OSCE-Commissioned Review of Amendments to Law on Broadcasting
Legislative amendments to the law on broadcasting “improve the current law, ensuring greater pluralism and transparency in the work of the public broadcaster,” OSCE media freedom representative Dunja Mijatović said in a letter to Georgia’s Foreign Minister Maia Panjikidze.
The Office of the OSCE Representative on Freedom of the Media has commissioned a review of the package of bills, which envisage measures for more financial transparency of broadcasters, reforming rule of composition of Georgian Public Broadcaster’s (GPB) board of trustees and transforming Adjara TV’s status into public broadcasting. The analysis of the proposal was released by the Office of the OSCE Representative on Freedom of the Media on March 25.
The report in overall gives a positive review of the bill; it, however, notes that lack of provisions, defining how transition from the existing board of trustees of GPB to planned new one is made, represents “the main deficiency of the proposed reform”. It calls to make this transition “in a gradual and orderly fashion.”

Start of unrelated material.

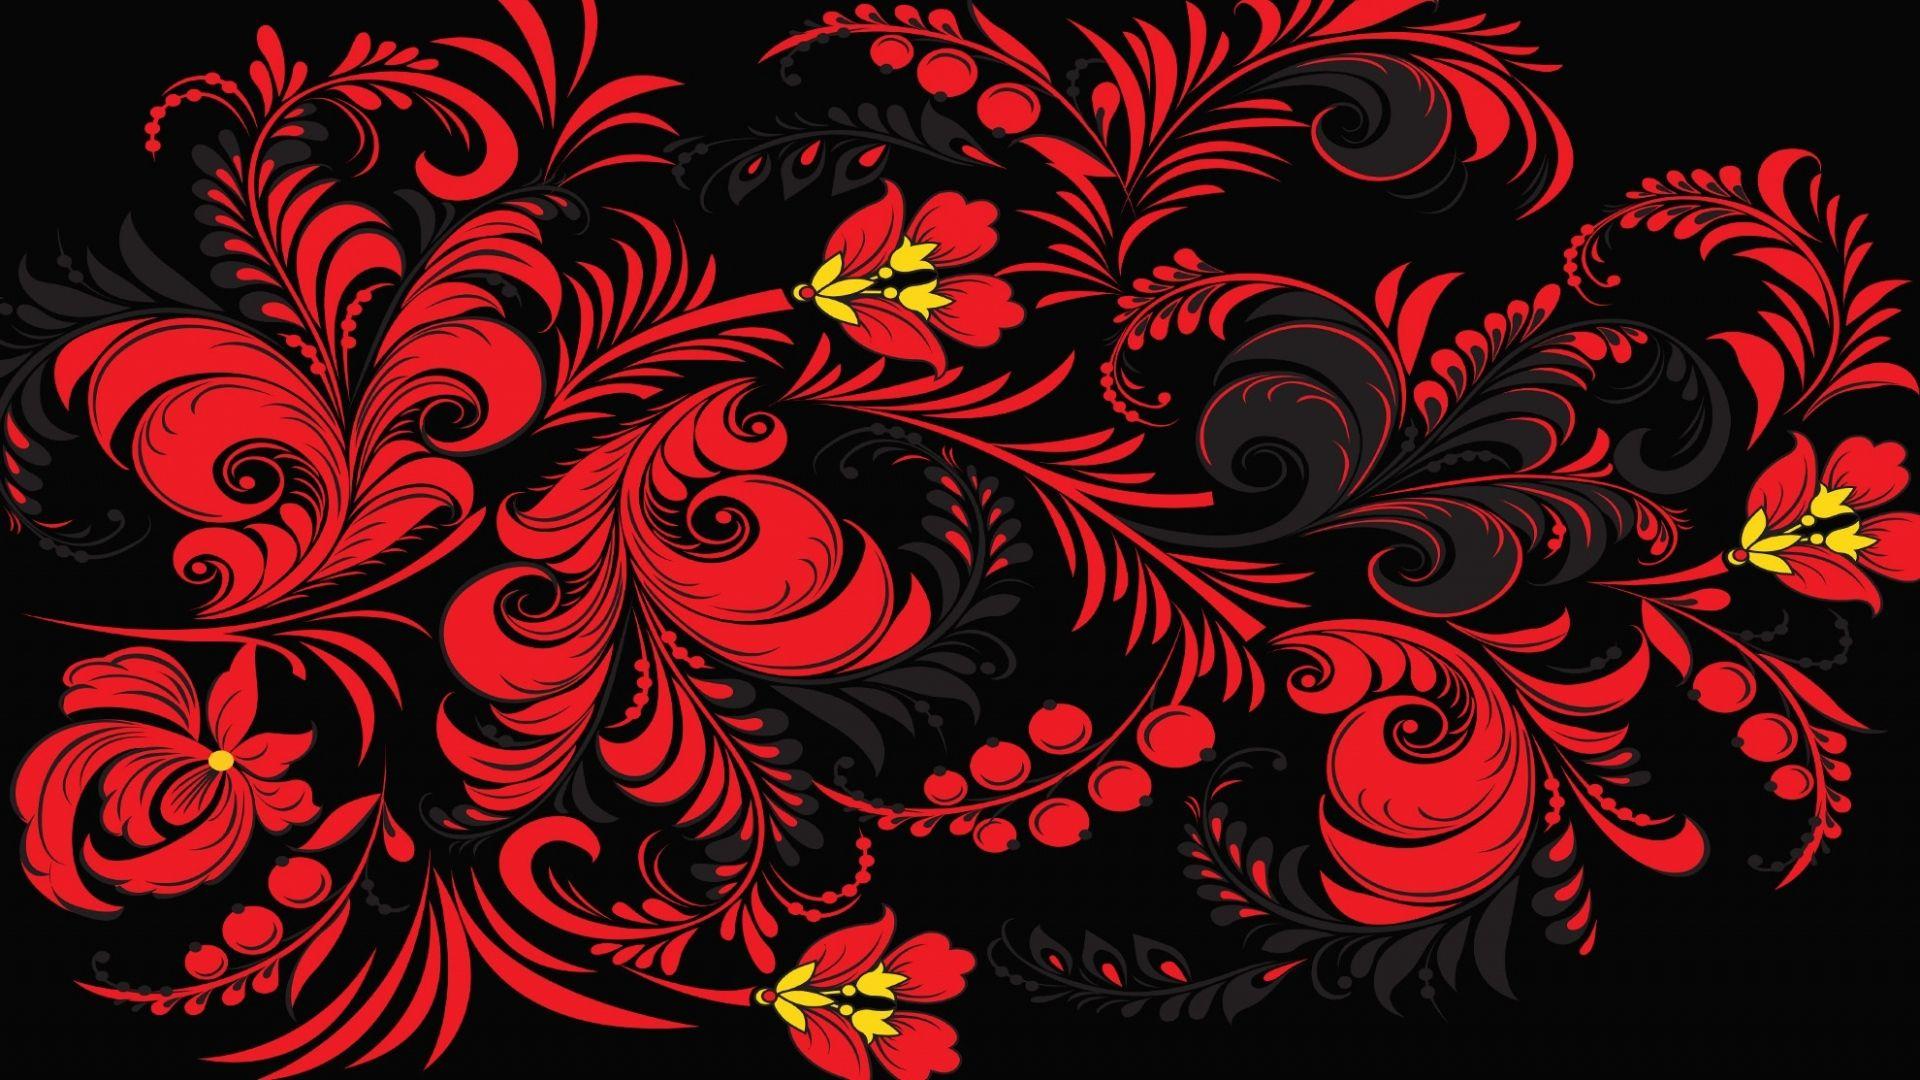 Wild textures free high resolution textures backgrounds and - Free High Resolution Textures And Backgrounds Wild Textures

The proposed bill offers to reduce number of board members from current 15 to nine, who will take their seats for a six-year term, and to exclude the President from the process of selecting board members. According to existing rule, the President selects three candidates for each seat in the board and then the Parliament approves one of those three candidates.
Three members, according to the bill, have to be approved by the parliamentary majority, three by the parliamentary minority group and other lawmakers who are not part of either parliamentary majority or minority groups. Candidates for these six seats should be selected through competition by a nine-member commission, which should be established specifically for this purpose by the Parliamentary Chairman and should be composed of civil society representatives. The commission should nominate at least three candidates for each vacant seat in GPB’s board of trustees.
Two members of GPB’s board have to be selected by the Public Defender through competition and one seat will automatically go to chairman of board of trustees of yet to be formed public broadcaster of the Adjara Autonomous Republic.
The bill does not make it clear whether the sitting board of GPB should be replaced or not by the new one upon enforcement of these legislative amendments.
Georgian Dream lawmaker Eliso Chapidze, who is a sponsor of the bill, said earlier this month that no final decision was yet made when the new rule of composition should be applied; she said there were two possible options: either to start composition of the new board immediately after the proposed bill is enacted or later, when term of authority of at least six sitting members of the board expires. Lawmakers from the UNM parliamentary minority group say that pre-term termination of authority of sitting members of the board would amount to political meddling into GPB by the new authorities.
OSCE-commission analysis of the bill says that proposed amendments “are in most cases improvements that provide for better possibilities for plurality, rather than the current major role for the President in appointment of the Board of Trustees.”
“However, it is important that any transition to a new system is made in a gradual and orderly fashion,” the report reads. “What is needed and what is lacking at the moment is a transitional system with provisions setting out how the change from one system to the other will be made. As the number of Trustees is reduced, there needs to be a system for undertaking this that still preserves the possibility for the Board of working efficiently. New requirements that may not be met by existing Trustees should normally only apply to new appointees with the existing ones serving out their term or the major part of their term, although a gradual phasing out of the existing Board will be necessary as the new one is to be smaller. The main deficiency related to the proposed amendments is the absence of transitional provisions governing the introduction of the new Board of Trustees. Even if the amendments are an improvement on the existing Broadcasting Law there is a risk that introduction of new criteria will be used to terminate the existing Board of Trustees in a precipitated and unorganised manner, which would disrupt the work of the Broadcaster.”
The report says that spelling out rotation procedures clearly is important so that “the entire Board is not new at any one time.”